One wishes that Carmela, though, had such backbone (though Tony tried to accuse Melfi of being like his wife, he was dead wrong this time). I can’t help but recall Tony in last episode’s session with Melfi in which he remarked on his Las Vegas epiphany: that our mothers are the bus drivers, and we’re always trying to catch up. What then does this mean for Carmela, being the mother of AJ? Last installment’s “The Second Coming” dealt greatly with father-son dynamics, inheritance of violence and depression, and as always the show created plenty of other son/proteges for Tony (Jackie Jr., Christopher); yet thus far this season, Carmela has merely reacted, though in increasingly emotional, deluded ways. “He was always our happy little boy,” she wept about AJ, while all viewers collectively went, “Really?”

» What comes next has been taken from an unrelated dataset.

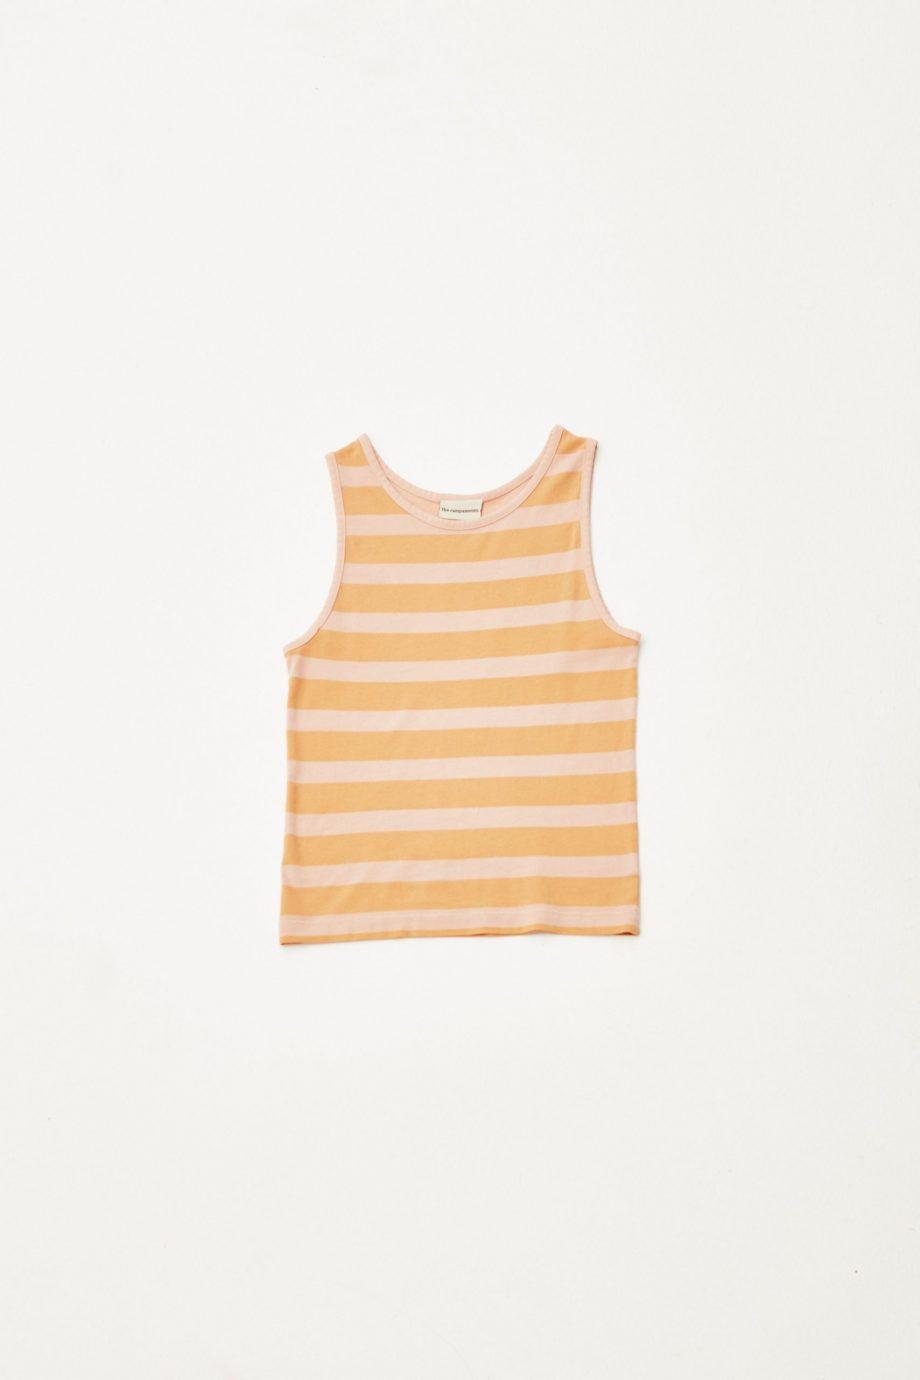 Stripped Sleveless Tshirt

This week, Carmela’s two small moments were quite telling: in one, she’s making oatmeal for AJ, while Meadow watches her from the counter. Carmela is smiling, while AJ is in the other room, watching the Iraqi war footage. Meadow stares at her mother with both melancholy and compassion. A few scenes later, at Vesuvio, Carmela, talking to Artie and Charmaine, expresses her pleasure at Meadow’s leaving pre-med. In an odd moment, she remarks, with harsh judgment, that she doubts her daughter has the “compassion” or “patience” required to be a doctor. Might Carmela’s resentment of Meadow be equal to Tony’s towards AJ? Soon, Tony rises to greet another guest eating dinner, and Carmela is left alone. Director Alan Taylor holds on her for a while,long enough to catch her expression changing to something like frustration…or anger…or loneliness. At this point, with one week left, hoping for Carmela’s moral revelation must be wishful thinking. Perhaps in last season’s “Cold Stones,” she saw the beacon at the top of the Eiffel Tower (mirroring perfectly the light on the horizon seen by Tony in his coma dream state), because she and Tony are on parallel paths, heading towards the same “big nothing.”

After all, that’s what Livia Soprano called it. And we know she’s waiting there.